The Yale Law Journal

Federal Court Discusses Volume 124 Article in Barber v. Bryant

Ariel E. Dobkin
03 Aug 2016

Reacting to the Obergefell decision, 135 S. Ct. 2584 (2015), the Mississippi legislature passed a law that entitled those with specific religious beliefs to special legal protection. For example, it allowed a small business owner to decline to provide services for a same-sex wedding and a government employee to recuse herself from issuing marriage licenses to same-sex couples. H.B. 1523, 2016 Leg., Reg. Sess. (Miss. 2016). In June, a federal district court struck down that law for violating the Establishment Clause by expressing “an official preference for certain religious beliefs over others” and by creating a broad religious exemption that “comes at the expense of other citizens.” Barber v. Bryant, 2016 WL 3562647 (S.D. Miss. June 20, 2016).

Clashes based on religious exemptions are becoming common across the United States, and Barber cites a Volume 124 Article to explain the origins and consequences of the phenomenon. In Conscience Wars: Complicity-Based Conscience Claims in Religion and Politics, Douglas NeJaime and Reva Siegel distinguish RFRA free exercise claims from what they term “complicity-based conscience claims.” The latter of these claims arise when religious groups seek exemptions from laws related to sex and marriage by claiming that these laws infringe on their right to free exercise. NeJaime and Siegel argue that these claims inflict material and dignitary harm on other citizens, and may extend, rather than quell, conflict.

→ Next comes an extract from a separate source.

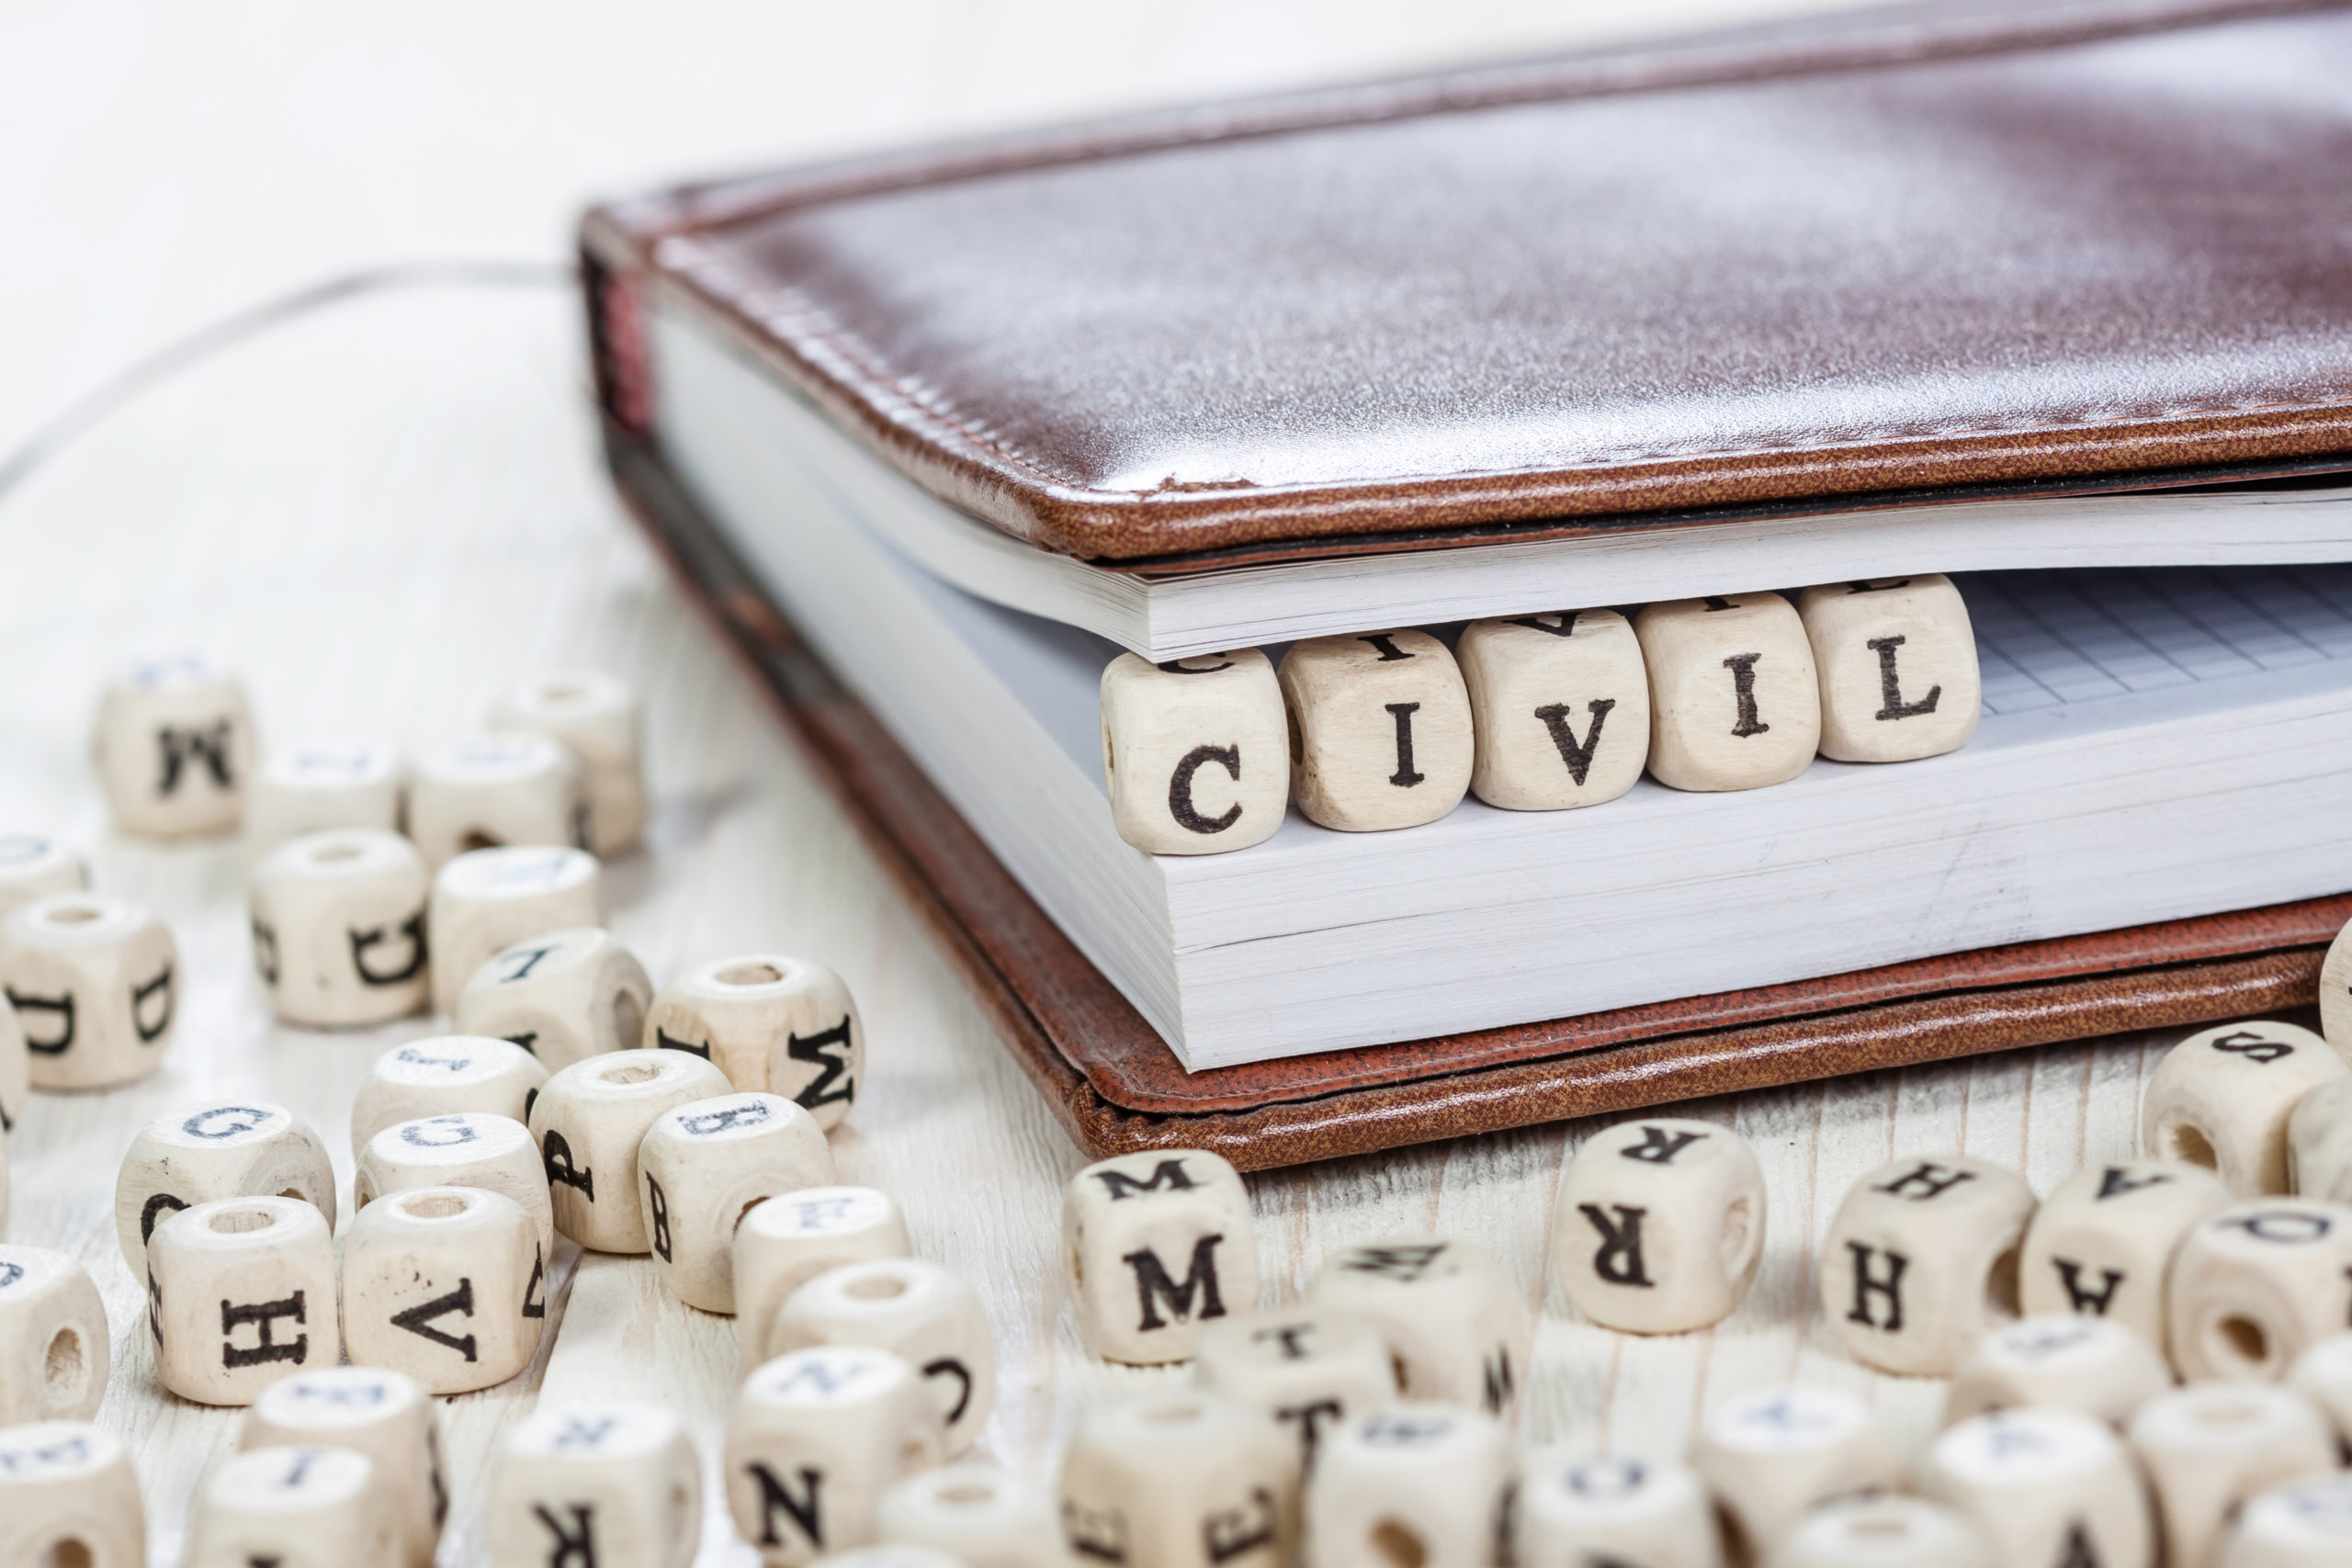 'Civil' Written On Wooden Block

In Barber, Judge Carlton Reeves cited NeJaime and Siegel twice. First, in discussing the law’s defenders, he looked to this Article as support for the argument that legislation like Mississippi’s is increasingly common. Later, Judge Reeves used the Article to explain Mississippi’s underlying premise in passing this law: “[M]embers of some religious sects believe that any act which brings them into contact with same-sex marriage or same-sex relationships makes the believer complicit in the same-sex couples’ sin, in violation of the believer’s own exercise of religion.” NeJaime and Siegel provided the judge with background that supported his invalidation of Missippi’s law. As a result, Barber set a standard that prevents a legislature from discriminating against minority groups by affirmatively protecting complicity-based conscience claims.